When running a quick search for the #SocialSelling hashtag through any social media listening tool, the amount of data you get in return is quite overwhelming.

According to TweetReach, during the three hours before I wrote this article, #SocialSelling gathered more than 800,000 impressions on Twitter.

This is just one of the many indications that show how hot of a topic social selling is right now.

With so many people talking about social selling and its “powers”, there is also a lot of (often uninformed) noise to cut through.

Large conversations usually carry the risk of huge misunderstandings, a little like Chinese whispers.

The more people get in contact with soundbites about social selling, the less clear it becomes what this strategy is all about.

For instance, it is not uncommon to come across the misconception that social selling is all about blasting product updates and marketing campaigns on social media through sales reps’ personal channels, in the off-chance that one of their connections may be interested in it.

Another misconception I have heard more than once is that social selling programmes require a dedicated team of millennial social media gurus and huge budgets to put together ad hoc content packages.

Trust me, if that is what you have been told, forget it.

Having trained thousands of sales professionals in real social selling best practices, I have come to realise it is needed to take a step back and differentiate between what social selling is and what it definitely isn’t.

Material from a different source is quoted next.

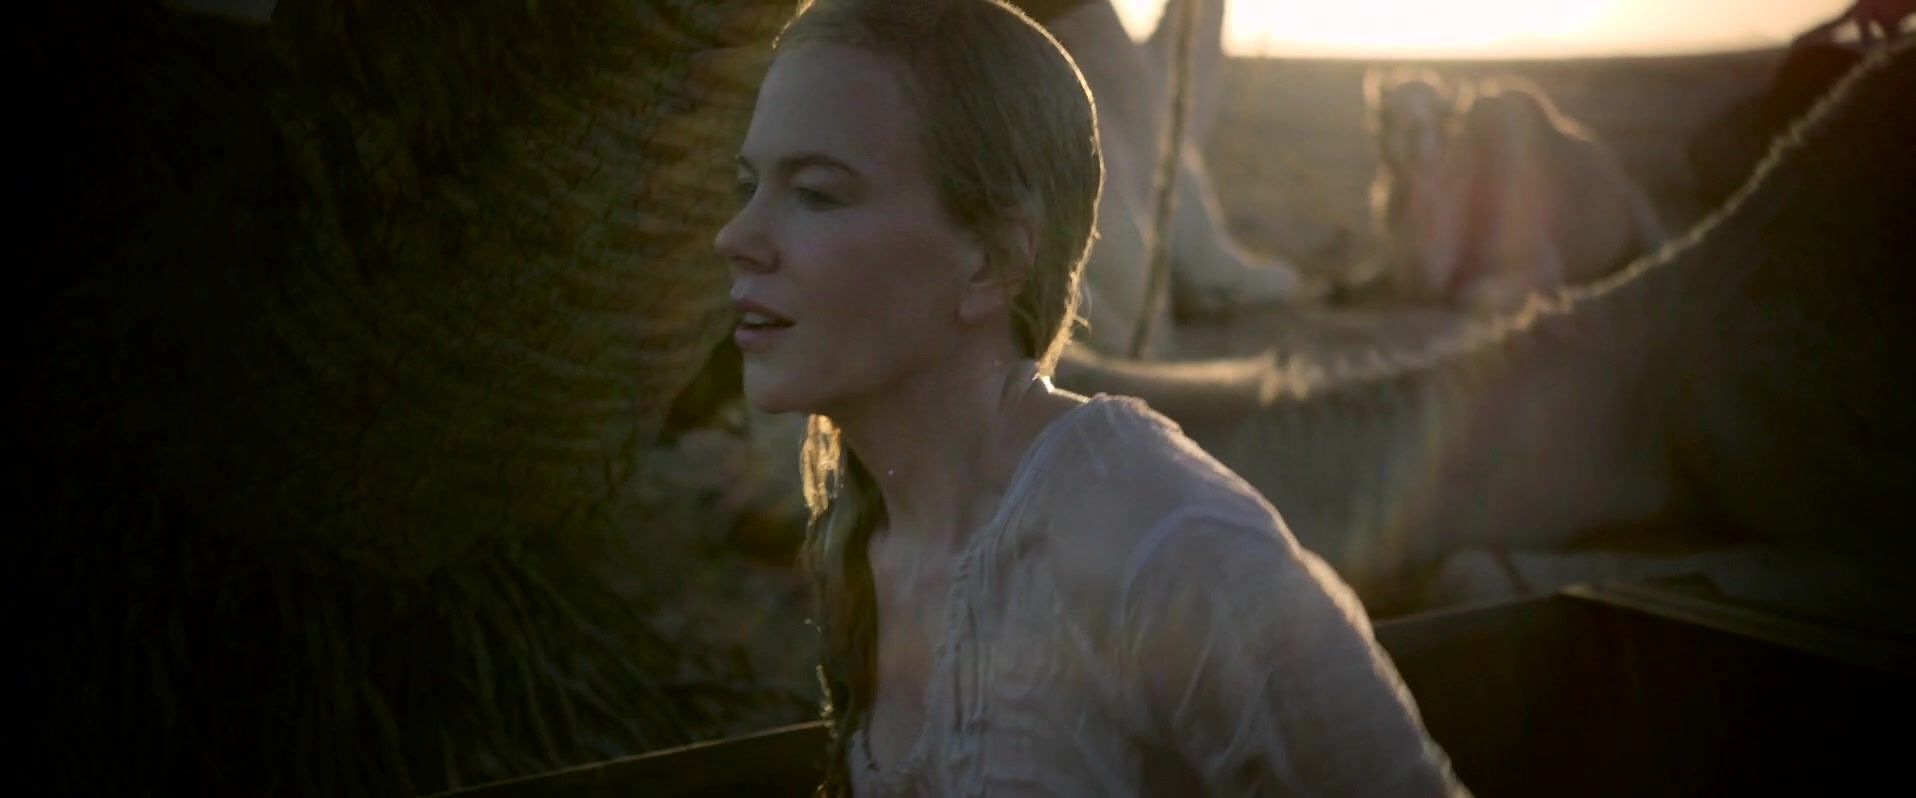 DateInAsia Nicole Kidman nude - Queen of the Desert (2016) Ducha - 1
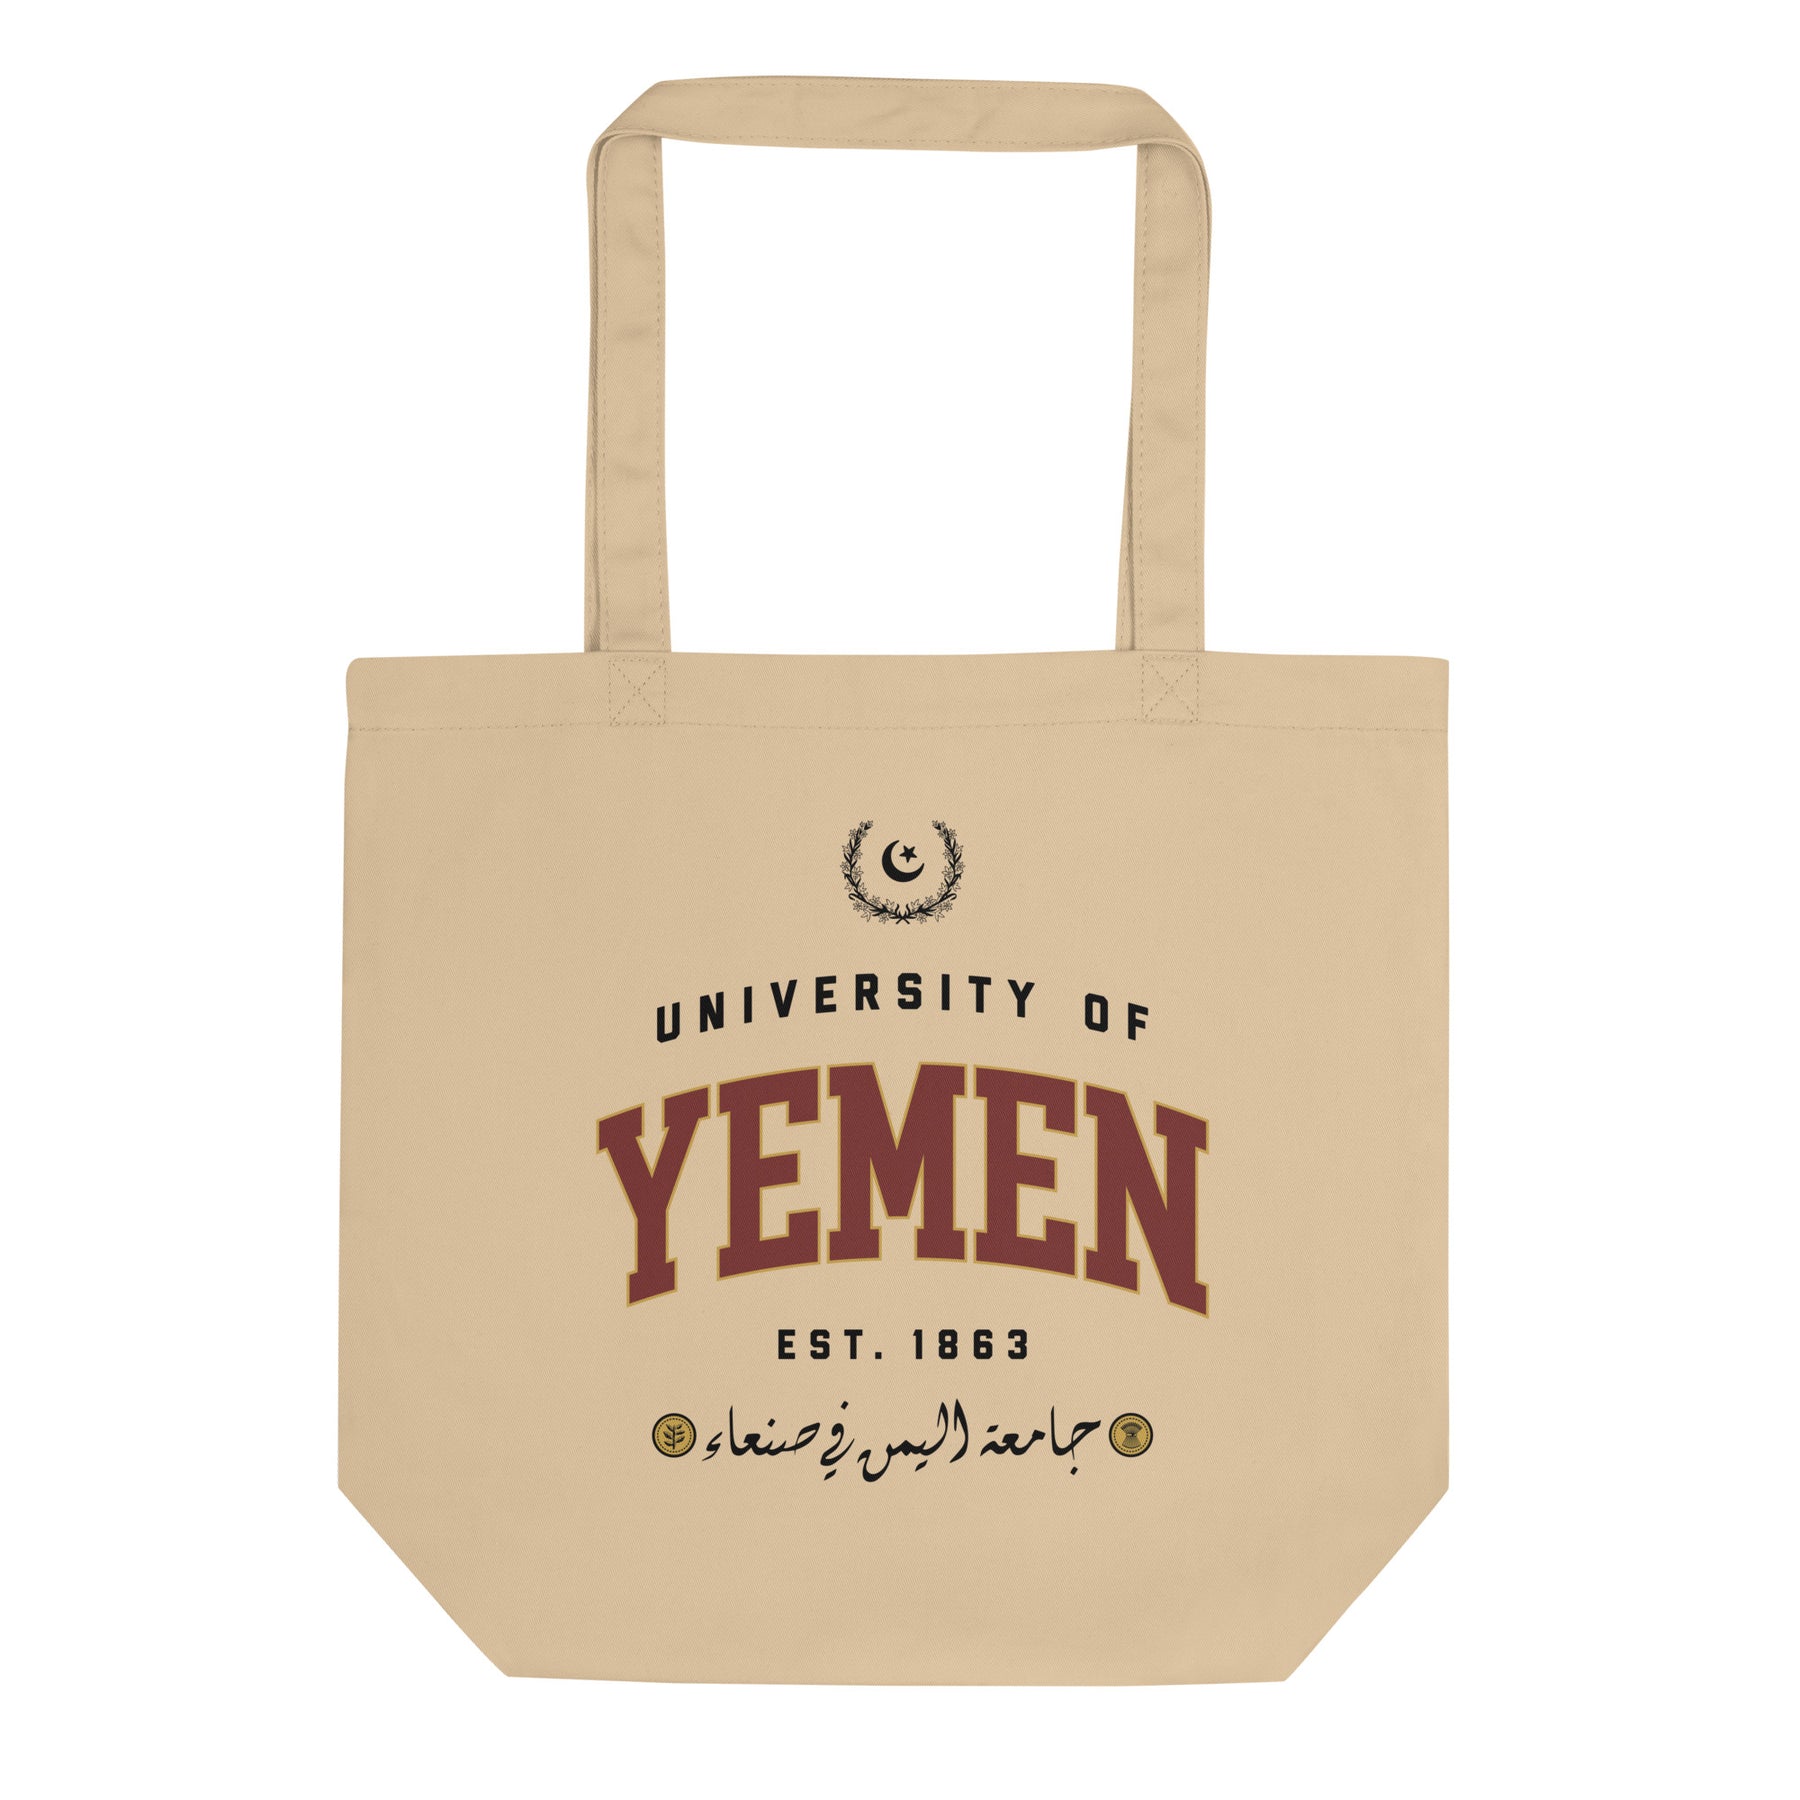 University of Yemen - Tote

1. Social selling is a customer-centric way of reimagining sales

Starting with an accepted definition of social selling (in this case, Wikipedia’s) can help in this case:

Social selling is the process of developing relationships as part of the sales process.

The key concept here is “developing relationships” with your prospects and existing customers.

Through a proper social selling programme, companies can empower their sales teams to become more effective in understanding their clients’ needs and challenges (existing and prospective), and offer products and services they can truly benefit from.

When that happens, results follow (a Forbes study found that salespeople using social media as part of their sales techniques outsell 78% of their peers).

2. Social selling is the best way to align sales and marketing

As I wrote in a previous article for Econsultancy, factors like low digital confidence, lack of time and poor quality control are frequently stopping sales teams from engaging effectively on social media with their prospects and clients.

But when a social selling programme is in place with a defined framework (from training, to enablement through adequate tools, all the way to performance reviews), what happens can be extraordinary.

In one of his articles, Jason Burrows writes that “sales and marketing won’t exist as separate functions in a business. It’ll be the same department.”

Without going as far, there is no doubt that an optimised channel of communications between the two departments can really benefit both by aligning their goals and improving performances and ROI for both their daily activities.

(For more on this topic, see Econsultancy’s report on The Convergence of Sales and Marketing.)

3. Social selling is an assessable strategy

When it comes to social selling, real results will show especially when companies set up a programme with defined objectives, onboarding and KPIs.

When marketing and sales collaborate to put together a structure that can benefit all the stakeholders involved (whether by helping marketers showcase the ROI of their content better, or by supporting salespeople with the content they need to grow their pipeline faster), that’s when magic happens.

Please note that when the right tools are in place from the start, assessing the success of social selling is not a costly or time-consuming effort.

Marketing can monitor which content is being shared the most by their colleagues in sales, while sales reps can quickly share posts and see which ones are most engaging for their prospects on an on-going basis.

It is a learning process, but one that shows results straight away if there is a good framework in place.

Now that we have seen what social selling is.

Let’s clarify a couple of misconceptions around it that it is not unusual to run into, especially online.

1. Social selling is not something completely new

Wait, what? Didn’t I just spend the last few paragraphs describing how innovative and effective social selling can be?

Yes, and I stand by that.

But what I think is essential to remember when we talk about social selling is that a lot of its guiding principles are very much in line with human good practices in general.

Let me share an example: trying to sell to someone as soon as you connect with them on LinkedIn without nurturing the relationship or trying to understand their needs won’t do you any good, in the same way that 100% “cold” calling has a very low success rate compared to better targeted campaigns.

2. Social selling is not blasting content on social media

If the plan is to simply use your sales reps as human billboards, asking them to blast promotional content about your latest products on their social media channels, then it probably won’t work.

It is universally acknowledged that people are getting more impatient with being “sold to” indistinctively and expect brands and salespeople to tailor offers to their specific needs.

Proper social selling focuses on the prospects, building a long-lasting and customer-centric relationship, which makes it the perfect strategy for the times we live in.